According to the above facts, the plaintiff is a person who has earned income from more than two persons as provided in Article 73 (2) of the Income Tax Act and pays the income tax on the year-end tax settlement (the plaintiff omitted the exercise of stock purchase right in paying Class B earned income through the year-end tax settlement, but such circumstance alone alone does not make the plaintiff be a person who has earned income and is not a person who has paid the income tax through the year-end tax settlement). Therefore, the exclusion period of income tax on the income accrued from exercising the plaintiff's right to choose purchase of stocks shall be five years pursuant to Article 26-2 (1) 3 of the Framework Act on National Taxes.
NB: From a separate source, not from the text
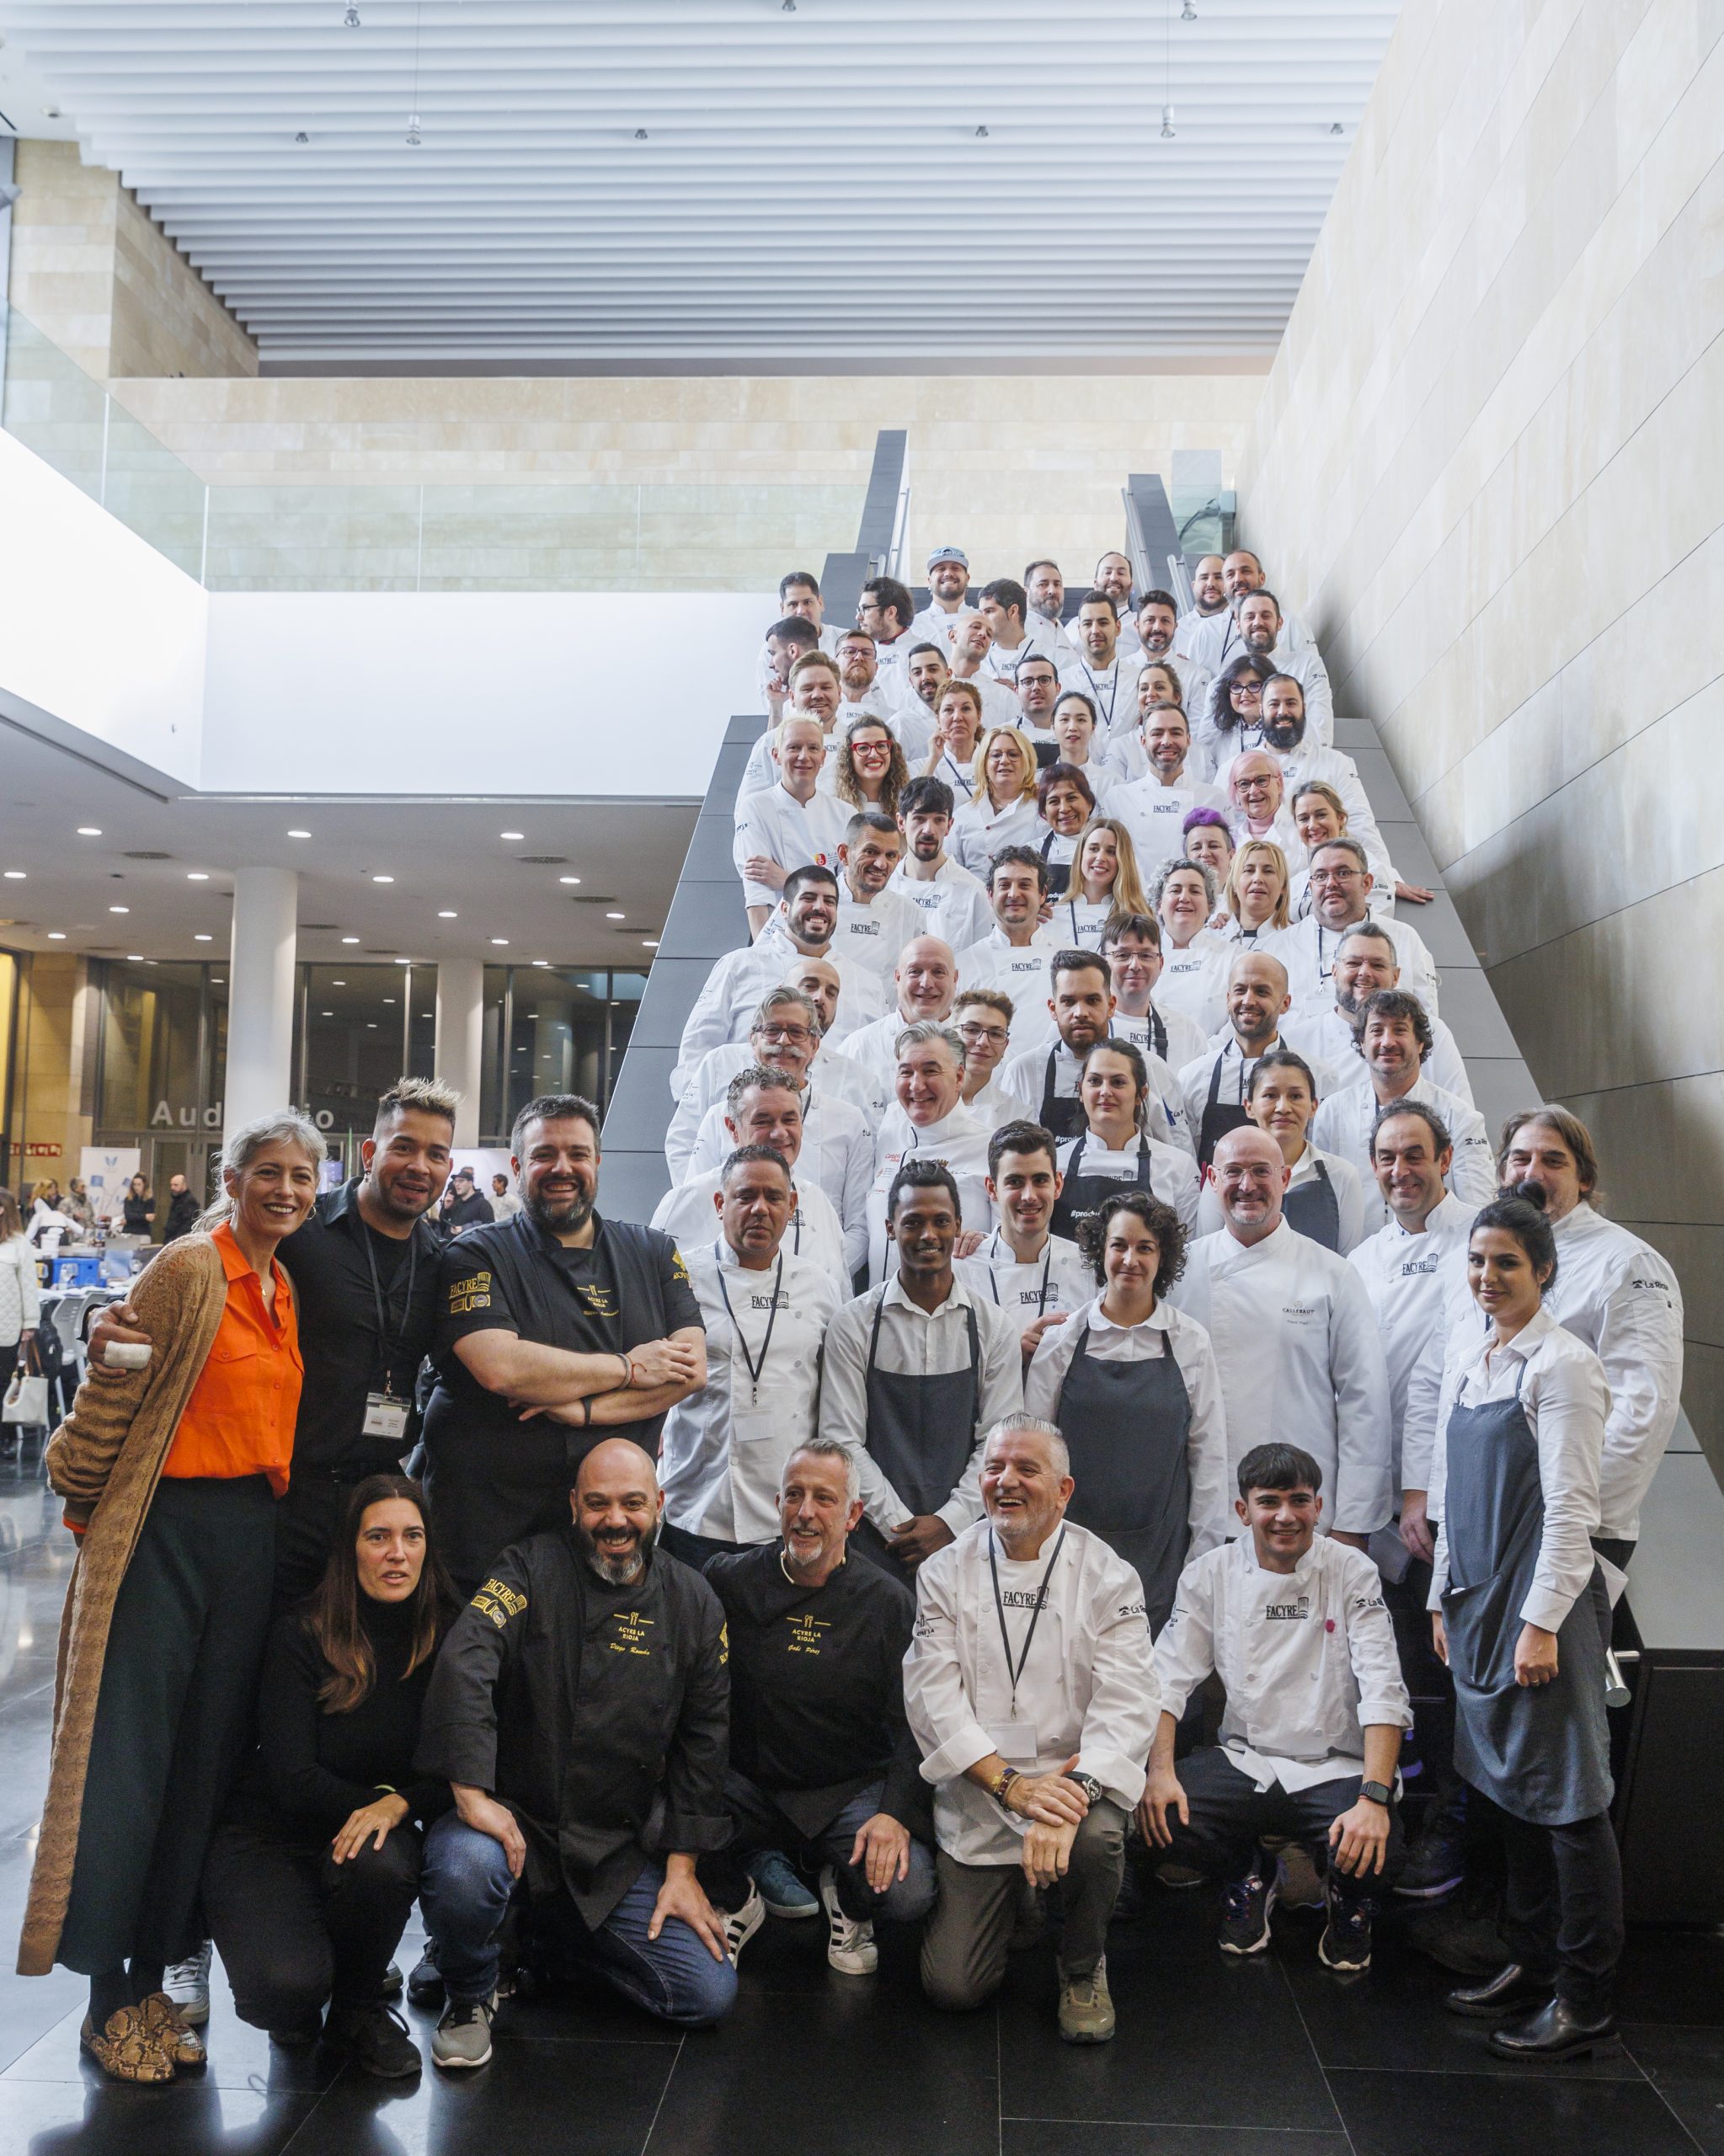 Éxito rotundo del campeonato nacional de cocina en Logroño

Thus, the imposition period of income tax on the income accrued from July 6, 2010 to 204 imposed on the plaintiff in the year-end tax settlement is limited. Thus, the disposition of this case is unlawful.
3) Article 137 (2) of the Enforcement Decree of the Income Tax Act (amended by Presidential Decree No. 22034, Feb. 18, 2010) provides that "a person who has paid income tax by year-end tax settlement" refers to a person who has no tax amount to be paid by year-end tax settlement by paying income tax through year-end tax settlement. Thus, even if a person has paid income tax through year-end tax settlement, he/she should make a final tax return if there is tax amount to pay income as the Plaintiff. However, the above provision of the Enforcement Decree provides that even if a person has paid income tax through year-end tax settlement, he/she shall interpret that a person who has the tax amount to be paid by year-end tax return is liable to make a final tax return for a separate item that is not included in the settlement of accounts, and thus, the above provision of the Enforcement Decree of the Income Tax Act cannot be applied to the Plaintiff, and therefore, the defendant's above argument is without merit (when interpreting income tax as the defendant's assertion, it is against the purpose of simplified tax base return for seven years.
3. Conclusion
Therefore, the plaintiff's claim of this case is justified and it is so decided as per Disposition.